Beginning at the line that holds "Social Capital and" and continuing to the last line of the data below, transcribe every line word for word, without pictures.

- **Data excerpt**
****

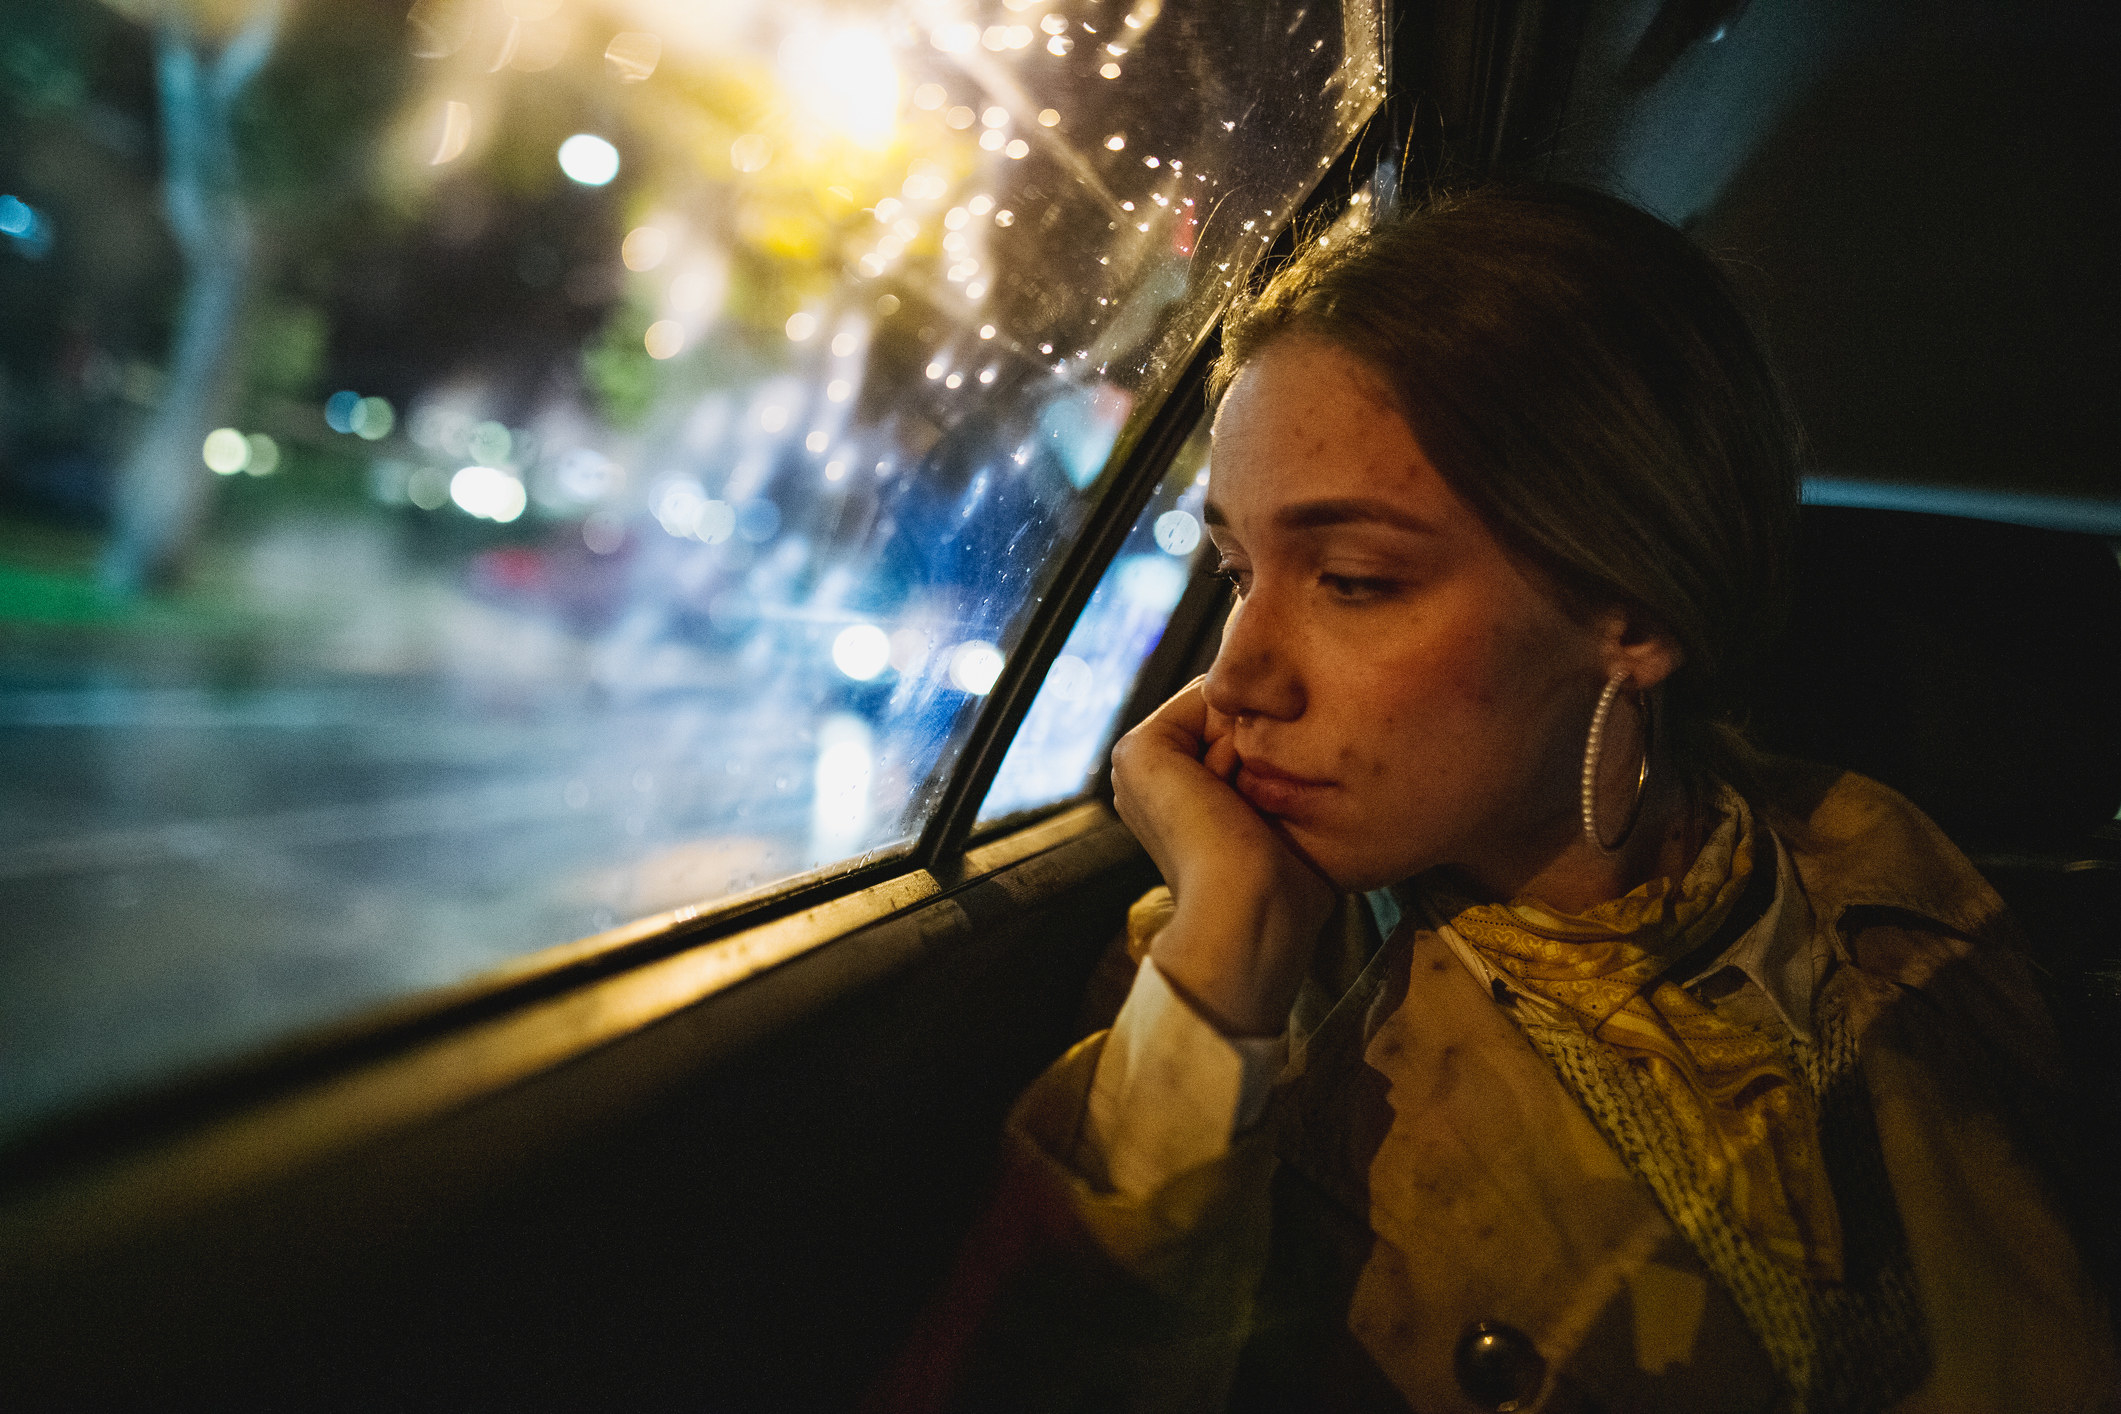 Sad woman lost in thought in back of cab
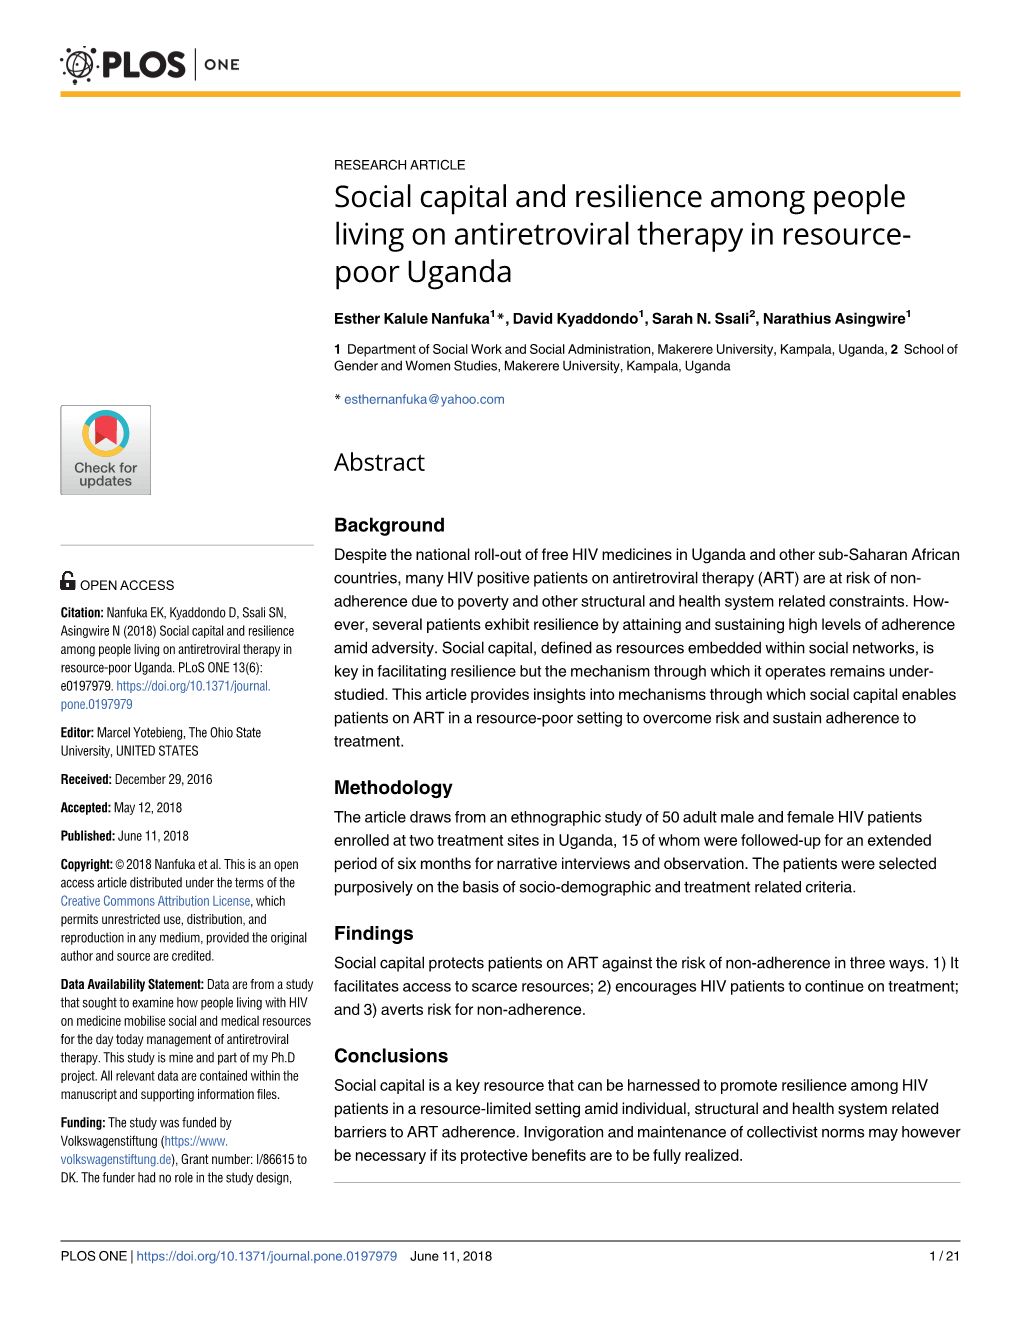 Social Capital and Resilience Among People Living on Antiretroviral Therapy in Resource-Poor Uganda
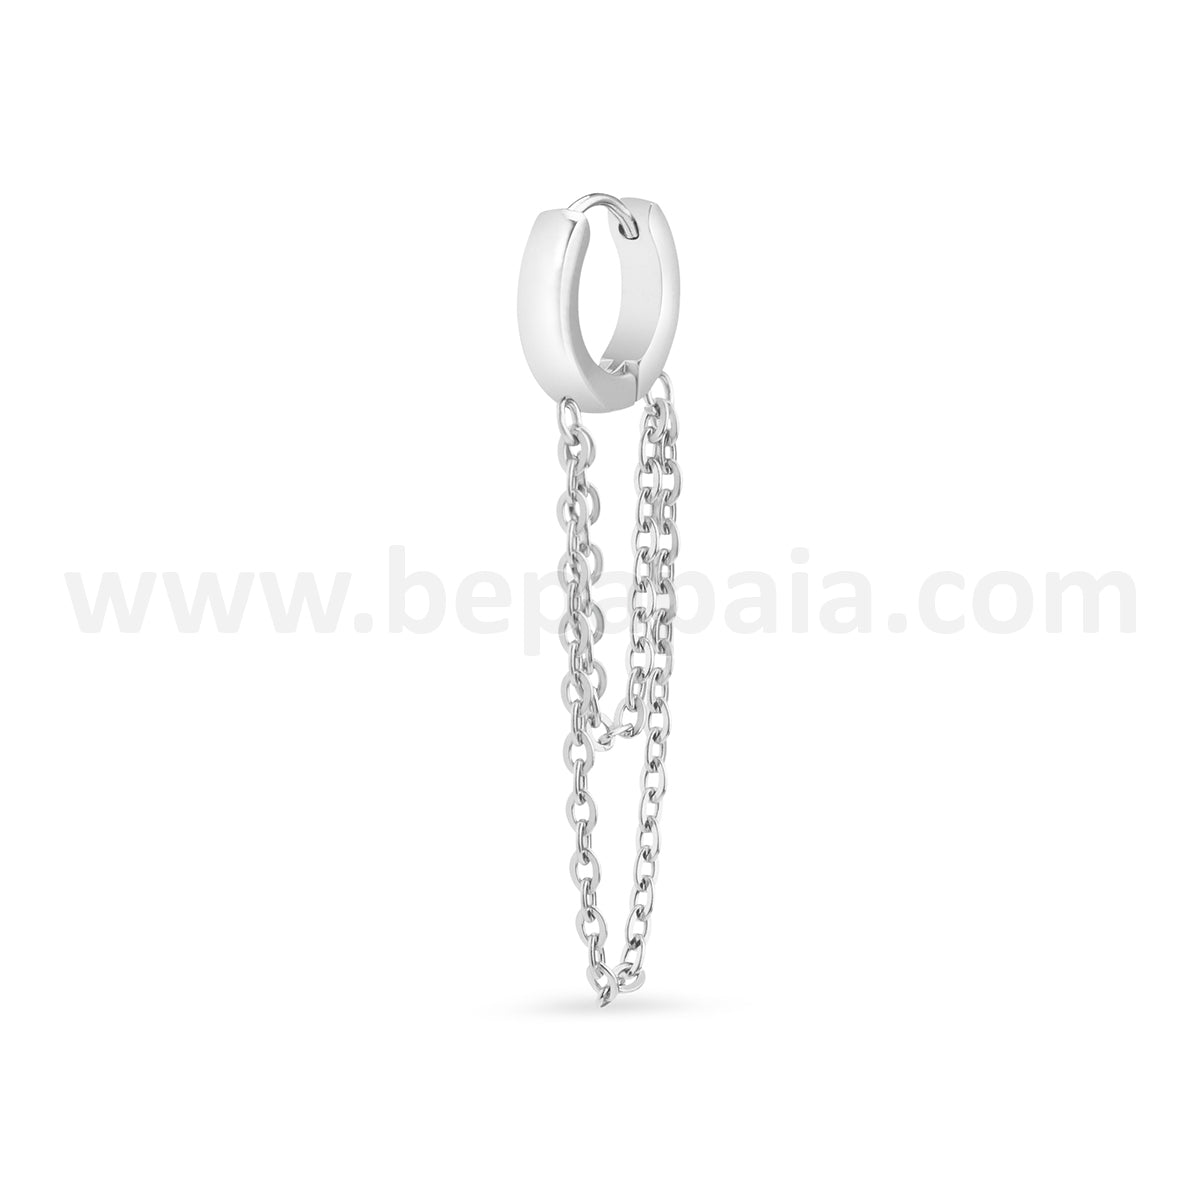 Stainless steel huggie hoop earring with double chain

****

- **Exercise result**
 Social Capital and Resilience Among People Living on Antiretroviral Therapy in Resource-Poor Uganda
 Stainless steel huggie hoop earring with double chain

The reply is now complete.